En 1967, sous le mot d’ordre de « contrôle par la communauté », l’administration scolaire nouvellement élue et composée principalement d’activistes noirs nomma un nouveau directeur et cinq nouveaux proviseurs, tous noirs.
De son côté, la fédération unitaire des professeurs (UFT), un syndicat d’enseignants progressistes principalement juifs, commença l’année scolaire par une grève, suite à la brutalité de changements non motivés par des critères professionnels.
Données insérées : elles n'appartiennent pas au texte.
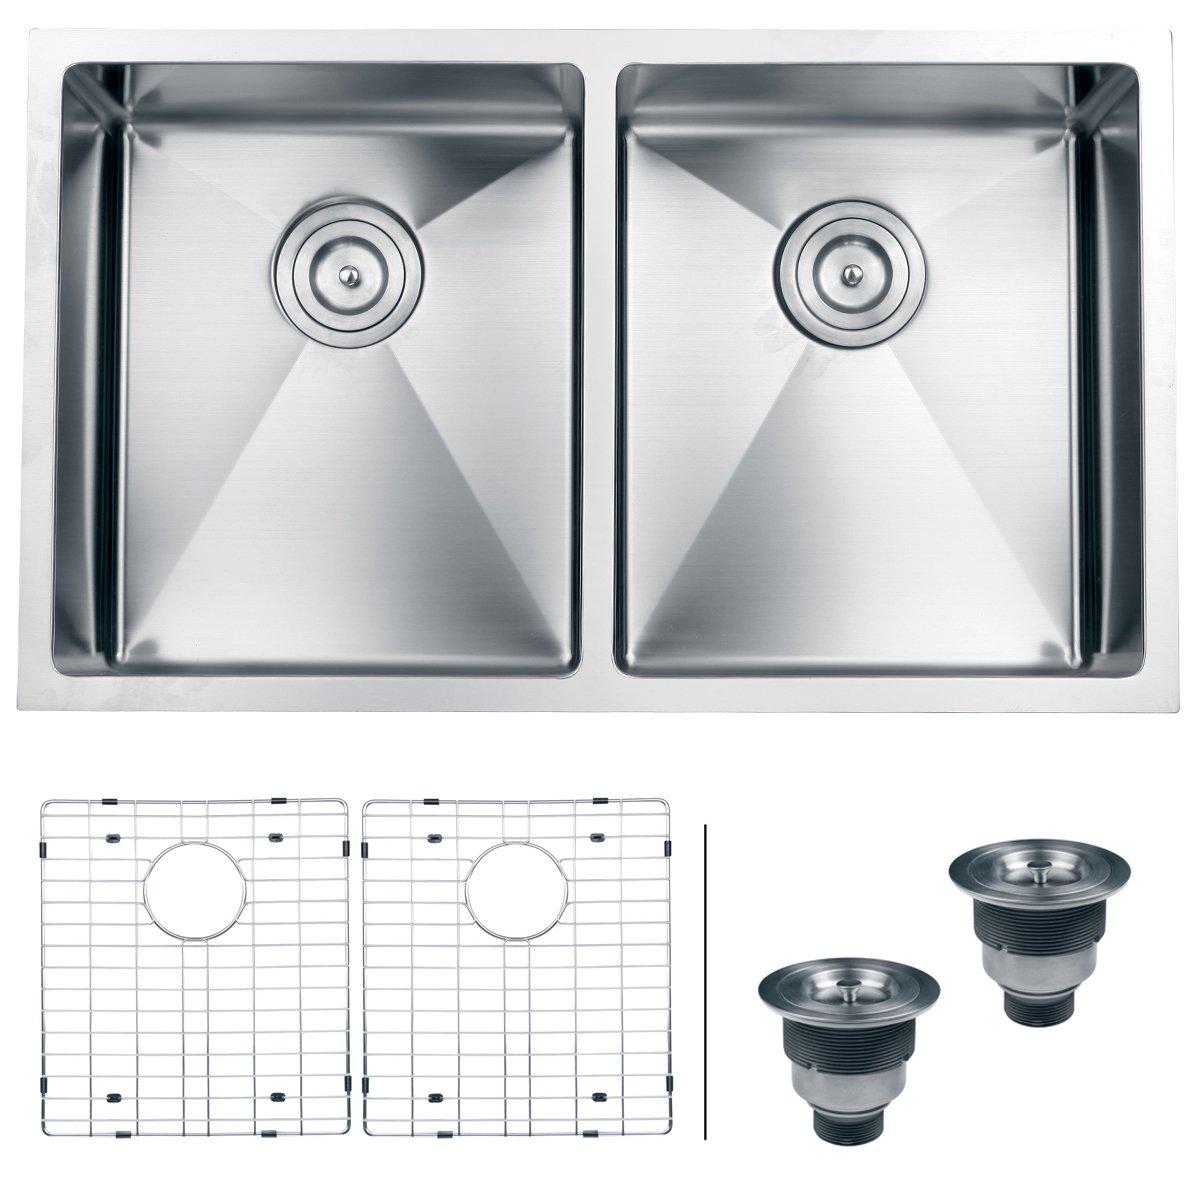 Ruvati 32-inch Undermount 50/50 Double Bowl Tight Radius 16 Gauge Stainless Steel Kitchen Sink - RVH7401

L’administration entreprit alors de remplacer les professeurs syndiqués par des professeurs de couleur appartenant à la communauté. Et voilà qu’arrivent les conditions pour un affrontement dont les plus gros dégâts seront les collatéraux
Après deux ans de conflits permanents, les professeurs syndiqués l’emportèrent, reprirent leurs postes, l’administration fut dissoute et le directeur noir placé sous la tutelle d’un administrateur de l’état. Les vainqueurs n’avaient certes pas fait campagne au nom d’une quelconque communauté juive, mais c’est bien comme ça qu’ils furent perçus par les activistes du « contrôle par la communauté » qui ne leur pardonnèrent jamais et les rangèrent globalement parmi les ennemis de la communauté.

Évidemment, vous êtes sceptiques et moi aussi. Considérer que c’est de cette quasi anecdote que découle l’antisémitisme maladif d’un Farrakhan ou d’un Professor Griff, parait un peu excessif.
Et c’est oublier le rôle de l’arrivée de l’Islam dans le militantisme noir, la radialisation des Blacks Panthers dont la dérive, haineuse et raciste, a été très tôt perçue par Romain – gloire à lui – Gary. Mais à ces causes, on peut toujours trouver d’autres causes.

Tandis que l’affaire d’Ocean Hill/Brownsville illustre bien ce moment où les alliés d’hier se retrouvent opposés d’intérêts quant il faut à la fois partager le butin et décider des actions à venir.